Set down the records again, keeping each line exactly as it is.

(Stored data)
----------

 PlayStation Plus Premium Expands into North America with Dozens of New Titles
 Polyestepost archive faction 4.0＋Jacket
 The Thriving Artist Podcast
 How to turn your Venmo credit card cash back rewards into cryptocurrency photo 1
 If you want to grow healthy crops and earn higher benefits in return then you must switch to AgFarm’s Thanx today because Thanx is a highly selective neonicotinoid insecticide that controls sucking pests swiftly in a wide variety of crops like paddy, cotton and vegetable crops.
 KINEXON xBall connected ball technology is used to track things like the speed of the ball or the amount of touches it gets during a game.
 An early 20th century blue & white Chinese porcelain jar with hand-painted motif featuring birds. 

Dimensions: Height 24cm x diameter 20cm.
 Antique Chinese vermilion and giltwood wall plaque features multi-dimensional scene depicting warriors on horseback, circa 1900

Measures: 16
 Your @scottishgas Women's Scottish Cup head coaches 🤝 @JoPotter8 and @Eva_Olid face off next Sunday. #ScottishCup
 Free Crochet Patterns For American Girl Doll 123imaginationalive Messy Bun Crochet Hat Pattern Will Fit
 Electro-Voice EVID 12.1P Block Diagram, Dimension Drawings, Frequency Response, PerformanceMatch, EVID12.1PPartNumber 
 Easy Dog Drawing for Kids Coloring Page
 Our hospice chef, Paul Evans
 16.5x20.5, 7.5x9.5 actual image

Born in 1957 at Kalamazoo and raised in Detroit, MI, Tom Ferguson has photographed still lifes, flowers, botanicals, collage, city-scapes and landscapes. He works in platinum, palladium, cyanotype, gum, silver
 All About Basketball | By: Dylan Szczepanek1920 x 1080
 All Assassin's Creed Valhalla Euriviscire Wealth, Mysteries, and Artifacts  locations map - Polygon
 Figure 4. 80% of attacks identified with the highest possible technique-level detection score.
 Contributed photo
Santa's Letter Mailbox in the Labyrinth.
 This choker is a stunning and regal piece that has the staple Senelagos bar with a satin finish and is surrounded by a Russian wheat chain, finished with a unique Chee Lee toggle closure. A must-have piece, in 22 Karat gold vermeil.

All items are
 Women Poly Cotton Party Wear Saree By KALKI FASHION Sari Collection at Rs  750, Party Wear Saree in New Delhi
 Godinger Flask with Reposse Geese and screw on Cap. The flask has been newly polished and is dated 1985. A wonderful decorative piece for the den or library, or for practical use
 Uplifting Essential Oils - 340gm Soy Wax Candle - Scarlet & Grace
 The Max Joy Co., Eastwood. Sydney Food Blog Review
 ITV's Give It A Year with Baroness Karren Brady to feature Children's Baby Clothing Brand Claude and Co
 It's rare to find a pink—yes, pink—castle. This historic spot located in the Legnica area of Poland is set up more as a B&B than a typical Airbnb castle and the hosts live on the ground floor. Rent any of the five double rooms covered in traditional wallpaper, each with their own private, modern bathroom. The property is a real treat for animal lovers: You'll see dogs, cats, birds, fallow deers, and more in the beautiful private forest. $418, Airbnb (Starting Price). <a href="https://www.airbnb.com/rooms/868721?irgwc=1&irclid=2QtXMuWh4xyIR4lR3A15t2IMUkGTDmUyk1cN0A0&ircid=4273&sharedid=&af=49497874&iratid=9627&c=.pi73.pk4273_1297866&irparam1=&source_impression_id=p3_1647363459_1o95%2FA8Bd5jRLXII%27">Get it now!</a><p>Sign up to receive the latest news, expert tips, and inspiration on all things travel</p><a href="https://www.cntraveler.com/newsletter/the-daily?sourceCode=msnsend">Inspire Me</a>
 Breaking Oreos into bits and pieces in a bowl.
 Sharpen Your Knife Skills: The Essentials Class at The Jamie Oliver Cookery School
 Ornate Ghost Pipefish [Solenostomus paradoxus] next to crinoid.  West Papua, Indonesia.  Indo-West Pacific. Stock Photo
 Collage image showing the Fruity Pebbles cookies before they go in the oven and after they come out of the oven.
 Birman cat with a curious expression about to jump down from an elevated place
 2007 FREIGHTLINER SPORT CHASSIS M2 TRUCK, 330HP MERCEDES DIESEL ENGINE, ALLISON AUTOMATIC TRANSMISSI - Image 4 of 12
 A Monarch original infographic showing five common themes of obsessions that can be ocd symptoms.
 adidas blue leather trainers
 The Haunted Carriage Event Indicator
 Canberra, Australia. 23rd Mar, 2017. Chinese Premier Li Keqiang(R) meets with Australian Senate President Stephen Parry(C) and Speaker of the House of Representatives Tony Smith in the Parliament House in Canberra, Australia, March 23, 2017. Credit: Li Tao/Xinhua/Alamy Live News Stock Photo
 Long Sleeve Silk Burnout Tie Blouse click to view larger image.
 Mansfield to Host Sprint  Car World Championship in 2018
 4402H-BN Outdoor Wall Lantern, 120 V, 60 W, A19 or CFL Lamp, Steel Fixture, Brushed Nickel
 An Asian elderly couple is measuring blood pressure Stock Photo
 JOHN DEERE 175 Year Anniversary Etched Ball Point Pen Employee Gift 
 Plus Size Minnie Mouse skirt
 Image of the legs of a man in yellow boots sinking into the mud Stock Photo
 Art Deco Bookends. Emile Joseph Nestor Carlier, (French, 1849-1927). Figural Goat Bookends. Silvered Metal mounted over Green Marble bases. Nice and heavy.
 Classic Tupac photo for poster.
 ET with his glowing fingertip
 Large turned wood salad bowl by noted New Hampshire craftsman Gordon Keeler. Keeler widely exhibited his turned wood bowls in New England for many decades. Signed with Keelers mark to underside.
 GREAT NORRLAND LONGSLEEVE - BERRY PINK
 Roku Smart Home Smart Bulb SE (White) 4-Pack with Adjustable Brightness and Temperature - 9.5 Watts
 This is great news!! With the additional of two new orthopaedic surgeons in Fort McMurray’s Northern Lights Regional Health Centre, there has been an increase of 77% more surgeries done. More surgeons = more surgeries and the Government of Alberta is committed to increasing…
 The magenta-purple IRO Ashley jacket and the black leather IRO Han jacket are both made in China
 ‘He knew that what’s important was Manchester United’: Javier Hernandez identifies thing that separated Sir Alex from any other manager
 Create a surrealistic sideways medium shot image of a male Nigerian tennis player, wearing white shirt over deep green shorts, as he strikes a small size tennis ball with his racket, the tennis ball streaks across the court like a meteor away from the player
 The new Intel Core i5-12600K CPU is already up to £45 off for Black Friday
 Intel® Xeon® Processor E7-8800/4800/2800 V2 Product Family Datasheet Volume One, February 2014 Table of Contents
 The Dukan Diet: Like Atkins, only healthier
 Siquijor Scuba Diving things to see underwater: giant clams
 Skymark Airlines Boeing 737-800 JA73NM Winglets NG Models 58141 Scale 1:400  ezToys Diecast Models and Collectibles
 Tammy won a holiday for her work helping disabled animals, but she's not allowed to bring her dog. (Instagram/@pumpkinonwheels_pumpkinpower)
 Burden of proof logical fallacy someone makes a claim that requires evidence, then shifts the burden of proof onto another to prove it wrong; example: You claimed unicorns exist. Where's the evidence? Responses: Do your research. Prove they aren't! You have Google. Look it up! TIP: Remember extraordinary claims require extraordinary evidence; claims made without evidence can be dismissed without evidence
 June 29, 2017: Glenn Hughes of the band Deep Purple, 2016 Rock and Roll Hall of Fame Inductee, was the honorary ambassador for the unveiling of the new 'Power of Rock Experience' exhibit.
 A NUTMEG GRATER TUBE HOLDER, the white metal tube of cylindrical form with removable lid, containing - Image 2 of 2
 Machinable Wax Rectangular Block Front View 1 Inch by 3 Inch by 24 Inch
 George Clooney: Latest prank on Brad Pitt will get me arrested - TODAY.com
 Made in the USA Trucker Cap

----------

_Response for this exercise_
 PlayStation Plus Premium Expands into North America with Dozens of New Titles
 Polyestepost archive faction 4.0＋Jacket
 The Thriving Artist Podcast
 How to turn your Venmo credit card cash back rewards into cryptocurrency photo 1
 If you want to grow healthy crops and earn higher benefits in return then you must switch to AgFarm’s Thanx today because Thanx is a highly selective neonicotinoid insecticide that controls sucking pests swiftly in a wide variety of crops like paddy, cotton and vegetable crops.
 KINEXON xBall connected ball technology is used to track things like the speed of the ball or the amount of touches it gets during a game.
 An early 20th century blue & white Chinese porcelain jar with hand-painted motif featuring birds. 

Dimensions: Height 24cm x diameter 20cm.
 Antique Chinese vermilion and giltwood wall plaque features multi-dimensional scene depicting warriors on horseback, circa 1900

Measures: 16
 Your @scottishgas Women's Scottish Cup head coaches 🤝 @JoPotter8 and @Eva_Olid face off next Sunday. #ScottishCup
 Free Crochet Patterns For American Girl Doll 123imaginationalive Messy Bun Crochet Hat Pattern Will Fit
 Electro-Voice EVID 12.1P Block Diagram, Dimension Drawings, Frequency Response, PerformanceMatch, EVID12.1PPartNumber 
 Easy Dog Drawing for Kids Coloring Page
 Our hospice chef, Paul Evans
 16.5x20.5, 7.5x9.5 actual image

Born in 1957 at Kalamazoo and raised in Detroit, MI, Tom Ferguson has photographed still lifes, flowers, botanicals, collage, city-scapes and landscapes. He works in platinum, palladium, cyanotype, gum, silver
 All About Basketball | By: Dylan Szczepanek1920 x 1080
 All Assassin's Creed Valhalla Euriviscire Wealth, Mysteries, and Artifacts  locations map - Polygon
 Figure 4. 80% of attacks identified with the highest possible technique-level detection score.
 Contributed photo
Santa's Letter Mailbox in the Labyrinth.
 This choker is a stunning and regal piece that has the staple Senelagos bar with a satin finish and is surrounded by a Russian wheat chain, finished with a unique Chee Lee toggle closure. A must-have piece, in 22 Karat gold vermeil.

All items are
 Women Poly Cotton Party Wear Saree By KALKI FASHION Sari Collection at Rs  750, Party Wear Saree in New Delhi
 Godinger Flask with Reposse Geese and screw on Cap. The flask has been newly polished and is dated 1985. A wonderful decorative piece for the den or library, or for practical use
 Uplifting Essential Oils - 340gm Soy Wax Candle - Scarlet & Grace
 The Max Joy Co., Eastwood. Sydney Food Blog Review
 ITV's Give It A Year with Baroness Karren Brady to feature Children's Baby Clothing Brand Claude and Co
 It's rare to find a pink—yes, pink—castle. This historic spot located in the Legnica area of Poland is set up more as a B&B than a typical Airbnb castle and the hosts live on the ground floor. Rent any of the five double rooms covered in traditional wallpaper, each with their own private, modern bathroom. The property is a real treat for animal lovers: You'll see dogs, cats, birds, fallow deers, and more in the beautiful private forest. $418, Airbnb (Starting Price). <a href="https://www.airbnb.com/rooms/868721?irgwc=1&irclid=2QtXMuWh4xyIR4lR3A15t2IMUkGTDmUyk1cN0A0&ircid=4273&sharedid=&af=49497874&iratid=9627&c=.pi73.pk4273_1297866&irparam1=&source_impression_id=p3_1647363459_1o95%2FA8Bd5jRLXII%27">Get it now!</a><p>Sign up to receive the latest news, expert tips, and inspiration on all things travel</p><a href="https://www.cntraveler.com/newsletter/the-daily?sourceCode=msnsend">Inspire Me</a>
 Breaking Oreos into bits and pieces in a bowl.
 Sharpen Your Knife Skills: The Essentials Class at The Jamie Oliver Cookery School
 Ornate Ghost Pipefish [Solenostomus paradoxus] next to crinoid.  West Papua, Indonesia.  Indo-West Pacific. Stock Photo
 Collage image showing the Fruity Pebbles cookies before they go in the oven and after they come out of the oven.
 Birman cat with a curious expression about to jump down from an elevated place
 2007 FREIGHTLINER SPORT CHASSIS M2 TRUCK, 330HP MERCEDES DIESEL ENGINE, ALLISON AUTOMATIC TRANSMISSI - Image 4 of 12
 A Monarch original infographic showing five common themes of obsessions that can be ocd symptoms.
 adidas blue leather trainers
 The Haunted Carriage Event Indicator
 Canberra, Australia. 23rd Mar, 2017. Chinese Premier Li Keqiang(R) meets with Australian Senate President Stephen Parry(C) and Speaker of the House of Representatives Tony Smith in the Parliament House in Canberra, Australia, March 23, 2017. Credit: Li Tao/Xinhua/Alamy Live News Stock Photo
 Long Sleeve Silk Burnout Tie Blouse click to view larger image.
 Mansfield to Host Sprint  Car World Championship in 2018
 4402H-BN Outdoor Wall Lantern, 120 V, 60 W, A19 or CFL Lamp, Steel Fixture, Brushed Nickel
 An Asian elderly couple is measuring blood pressure Stock Photo
 JOHN DEERE 175 Year Anniversary Etched Ball Point Pen Employee Gift 
 Plus Size Minnie Mouse skirt
 Image of the legs of a man in yellow boots sinking into the mud Stock Photo
 Art Deco Bookends. Emile Joseph Nestor Carlier, (French, 1849-1927). Figural Goat Bookends. Silvered Metal mounted over Green Marble bases. Nice and heavy.
 Classic Tupac photo for poster.
 ET with his glowing fingertip
 Large turned wood salad bowl by noted New Hampshire craftsman Gordon Keeler. Keeler widely exhibited his turned wood bowls in New England for many decades. Signed with Keelers mark to underside.
 GREAT NORRLAND LONGSLEEVE - BERRY PINK
 Roku Smart Home Smart Bulb SE (White) 4-Pack with Adjustable Brightness and Temperature - 9.5 Watts
 This is great news!! With the additional of two new orthopaedic surgeons in Fort McMurray’s Northern Lights Regional Health Centre, there has been an increase of 77% more surgeries done. More surgeons = more surgeries and the Government of Alberta is committed to increasing…
 The magenta-purple IRO Ashley jacket and the black leather IRO Han jacket are both made in China
 ‘He knew that what’s important was Manchester United’: Javier Hernandez identifies thing that separated Sir Alex from any other manager
 Create a surrealistic sideways medium shot image of a male Nigerian tennis player, wearing white shirt over deep green shorts, as he strikes a small size tennis ball with his racket, the tennis ball streaks across the court like a meteor away from the player
 The new Intel Core i5-12600K CPU is already up to £45 off for Black Friday
 Intel® Xeon® Processor E7-8800/4800/2800 V2 Product Family Datasheet Volume One, February 2014 Table of Contents
 The Dukan Diet: Like Atkins, only healthier
 Siquijor Scuba Diving things to see underwater: giant clams
 Skymark Airlines Boeing 737-800 JA73NM Winglets NG Models 58141 Scale 1:400  ezToys Diecast Models and Collectibles
 Tammy won a holiday for her work helping disabled animals, but she's not allowed to bring her dog. (Instagram/@pumpkinonwheels_pumpkinpower)
 Burden of proof logical fallacy someone makes a claim that requires evidence, then shifts the burden of proof onto another to prove it wrong; example: You claimed unicorns exist. Where's the evidence? Responses: Do your research. Prove they aren't! You have Google. Look it up! TIP: Remember extraordinary claims require extraordinary evidence; claims made without evidence can be dismissed without evidence
 June 29, 2017: Glenn Hughes of the band Deep Purple, 2016 Rock and Roll Hall of Fame Inductee, was the honorary ambassador for the unveiling of the new 'Power of Rock Experience' exhibit.
 A NUTMEG GRATER TUBE HOLDER, the white metal tube of cylindrical form with removable lid, containing - Image 2 of 2
 Machinable Wax Rectangular Block Front View 1 Inch by 3 Inch by 24 Inch
 George Clooney: Latest prank on Brad Pitt will get me arrested - TODAY.com
 Made in the USA Trucker Cap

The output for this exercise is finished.